50代、60代が幸せな人生を生きるには何をするべきか。精神科医の和田秀樹さんは「『もう残りの人生ぐらい、安楽に生きてもいいんじゃないか』と考えるか、逆に『残り少ない人生で何ができるか』と考えるかで、生き方はずいぶん違ってくる」という――。
※本稿は、和田秀樹『死ぬのも楽しみ』(廣済堂出版)の一部を再編集したものです。
死に対する恐怖感の根底にあるもの
私は精神科医ですから、死を美化することはできないし、そのつもりもありません。
とくに、自殺防止は精神科医に課せられた大事な任務になります。そうでなくても、うつ病の患者さんのように「死にたい」と訴える人がいますし、高齢者でも「そろそろお迎えが来てくれないかな」とつぶやく人もいます。
そういう人たちに対しても、なんとか生かしてあげようとするのが日本の医者です。
望まなくても人間はいつか死にますが、急ぐ必要はないし、自分から死を早める必要もないからです。

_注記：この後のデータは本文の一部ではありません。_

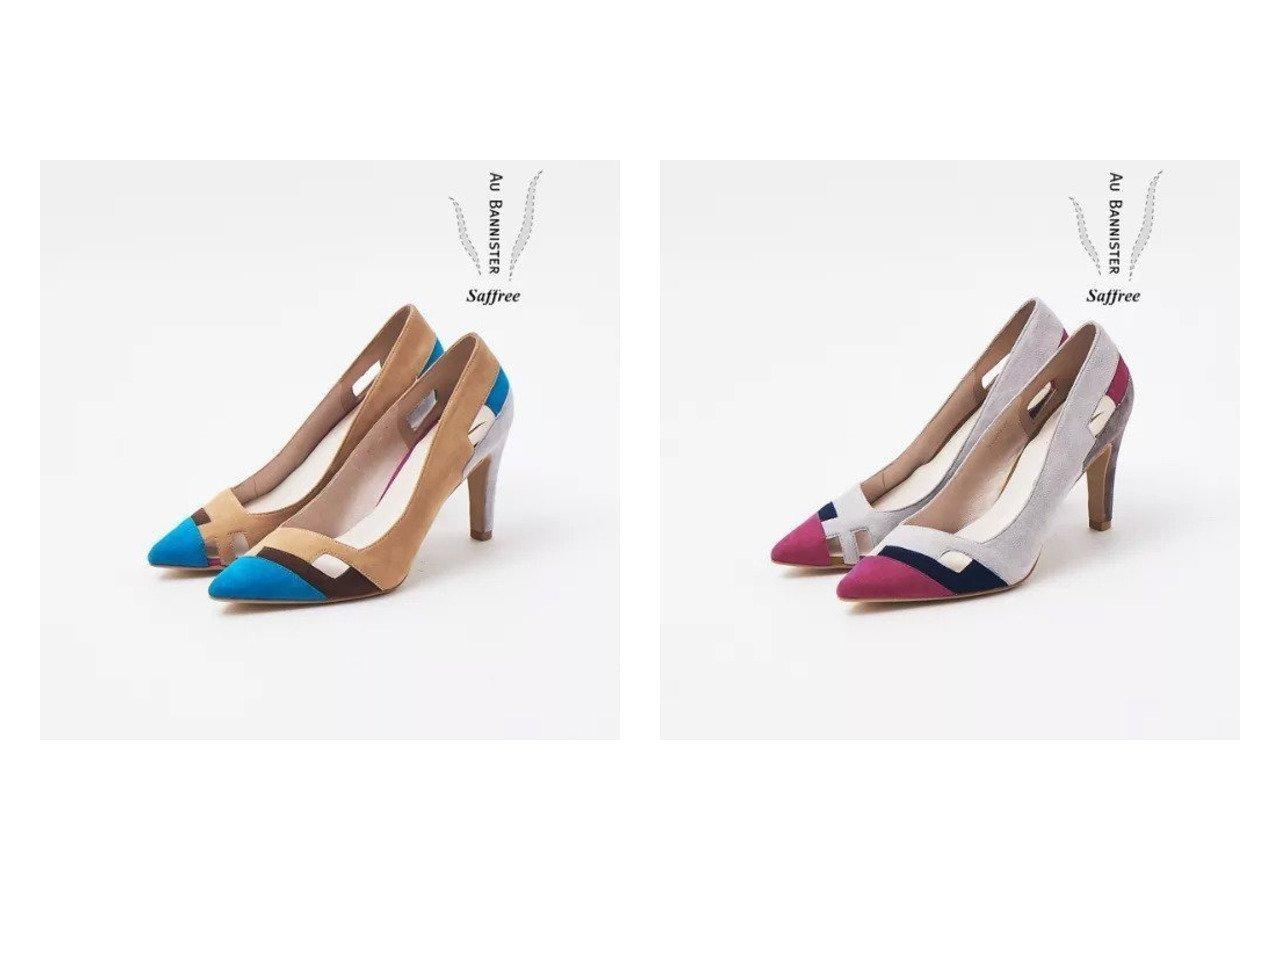 【Au BANNISTER/オゥ バニスター】のSaffree カットワークハイヒールパンプス 【シューズ・靴】おすすめ!人気、トレンド・レディースファッションの通販 おすすめで人気の流行・トレンド、ファッションの通販商品 メンズファッション・キッズファッション・インテリア・家具・レディースファッション・服の通販 founy(ファニー) https://founy.com/ ファッション Fashion レディースファッション WOMEN インソール シューズ 定番 Standard フラット ブロック |ID:crp329100000028393

死を美化するつもりはないというのは、私自身の死生観がそうだからです。
死に関して私は唯物論の立場です。信仰している宗教もありません。
死ねばまず意識がなくなり、その後、肉体も腐ってしまいます(実際には火葬ですから骨だけが残ります)。
意識が消え、肉体も消え、この世に自分という存在がなくなるというのはイメージとしては怖いです。
というよりイメージすら浮かんでこないでしょう。自分という存在の何もかもが消えてしまうという根源的な恐怖感が日本人にはあります。